This chapter reports on Simenc’s ethnography conducted in Slovenia from January 2016 till December 2017. The analysis focuses on a woman, ‘Eva’. It concerns her health narrative and the author’s observations of her everyday (invisible) struggles and (visible) articulations on Facebook, in the processes of getting a sense of what her symptoms meant, an accurate medical diagnoses and treatment and support in the medical system. The analysis of the case opens up a window towards a better understanding of the process behind becoming an expert/empowered patient through daily experience of rare disease and the emerging dynamics between lay and professional knowledge.

What is more, the detailed excursion into a specific case tries to make meaningful sense of everyday practices and motivations that shape the emergence of the expert patient today, where social media (in this case Facebook) are seen as an important public arena for patients’ actions and articulations of resistance to established power relations within biomedicine. Eva is one of the loud voices, pioneers and examiners of the different future.
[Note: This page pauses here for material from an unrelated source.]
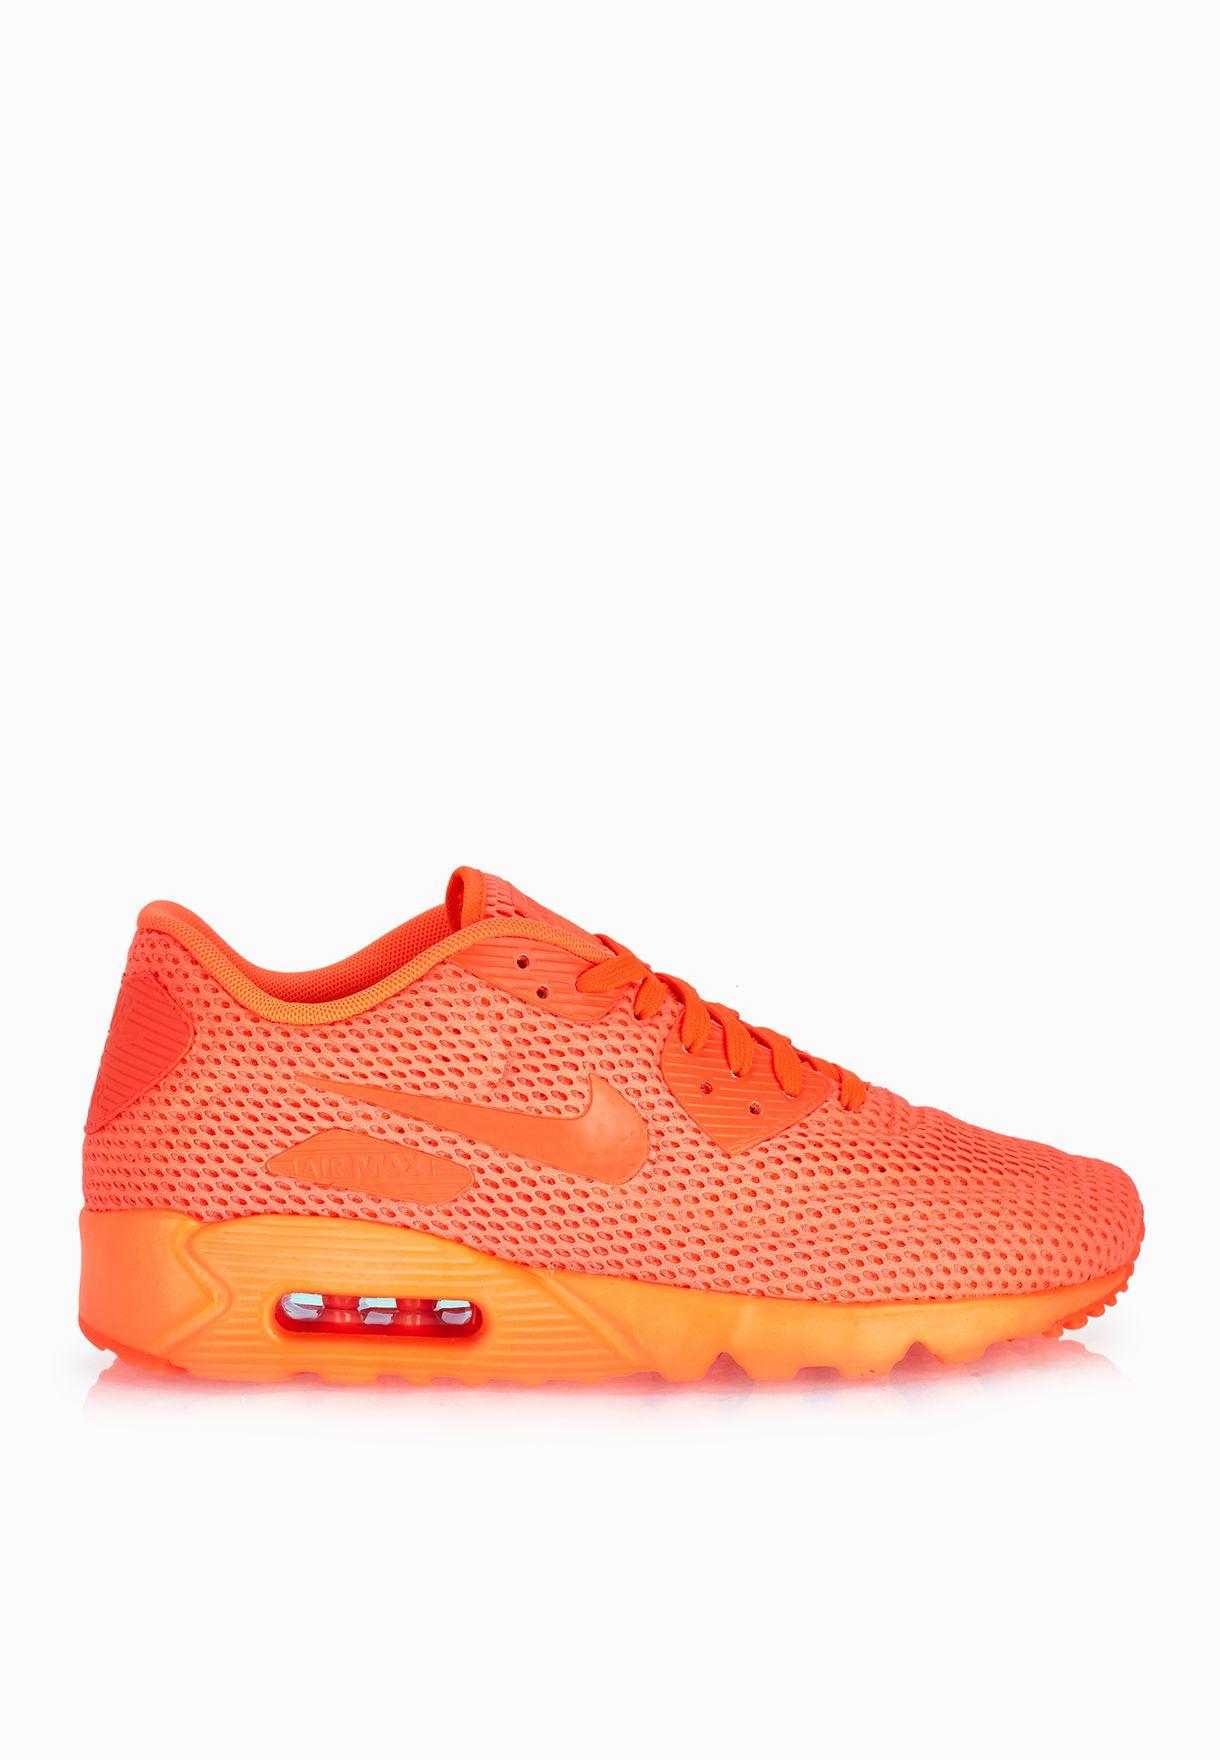 timeless design e1f2e d493f Shop Nike orange Air Max 90 Ultra BR 725222-800 for Men in Qatar ...
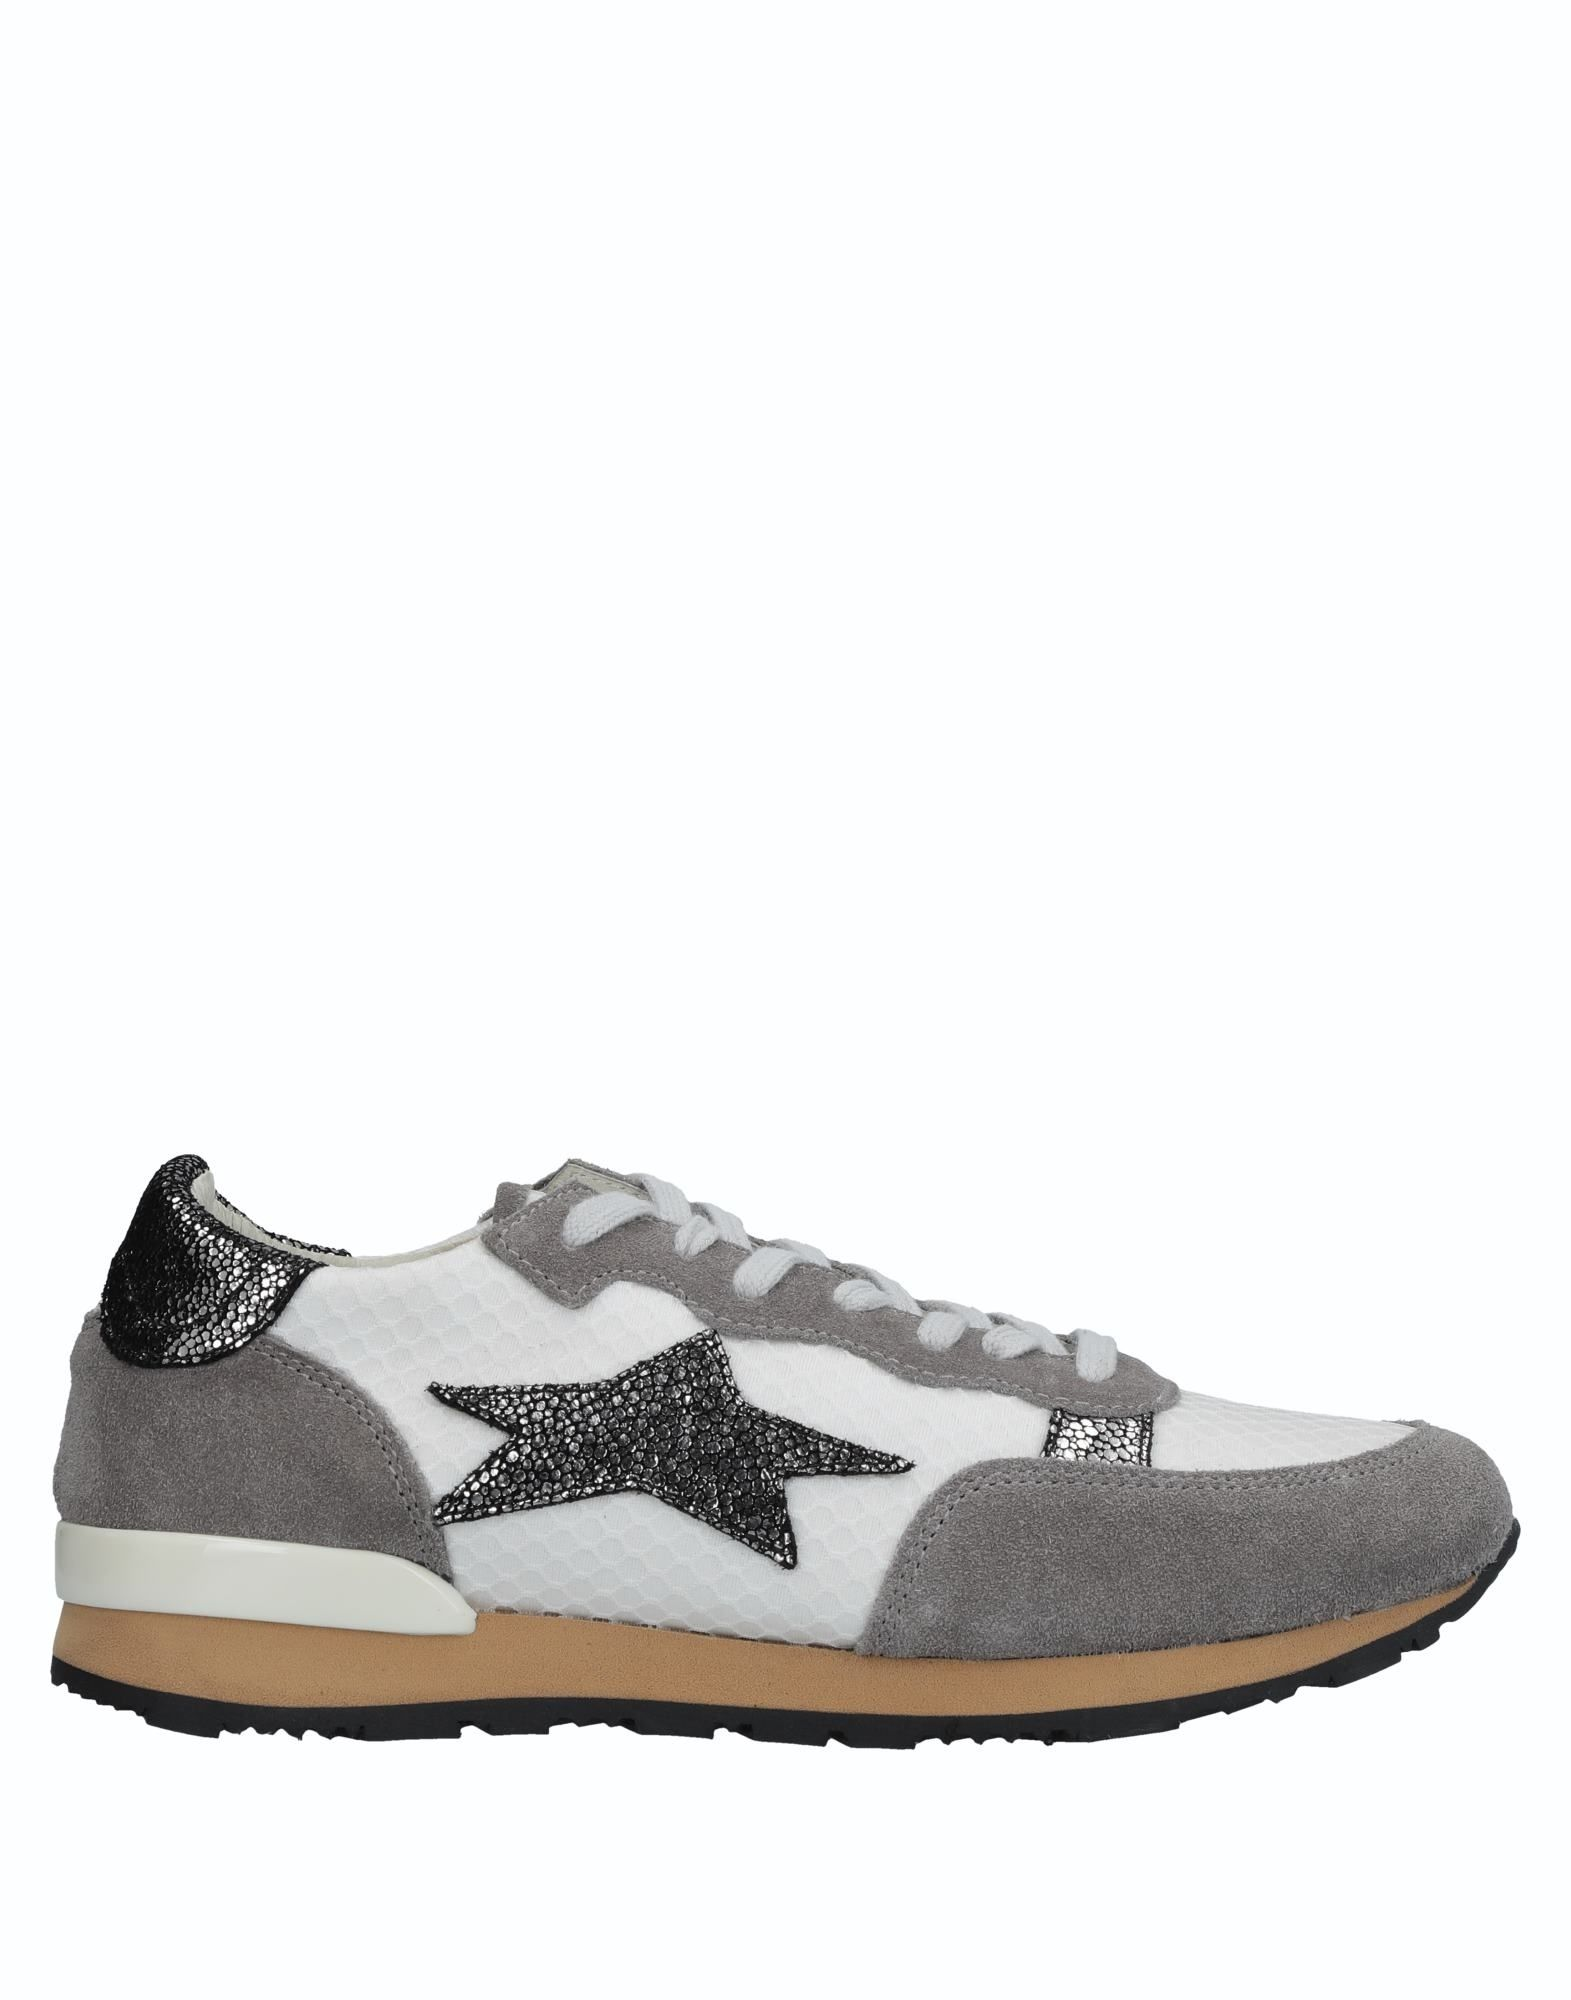 Ishikawa Sneakers Damen  11523614UI Gute Qualität beliebte Schuhe

She is loudly disrupting established medical authorities, calling for paradigmatic shifts in medical practice and research. She calls for more inclusion of experiential patients’ knowledge into medical practice and research. She is not an isolated case.

The analysis approaches Eva’s narrative within the context of the present Slovenian public health environment and draws on Barth’s (Current Anthropology, 43(1), 1–18, 2002) understanding of knowledge as an embodied, situated and contextual concept. The chapter aims to give a fresh perspective to our understanding of the relational and ontological complexity of contemporary illness experience. Creativity of users/patients mediated through Facebook during the process of illness experience is emphasized.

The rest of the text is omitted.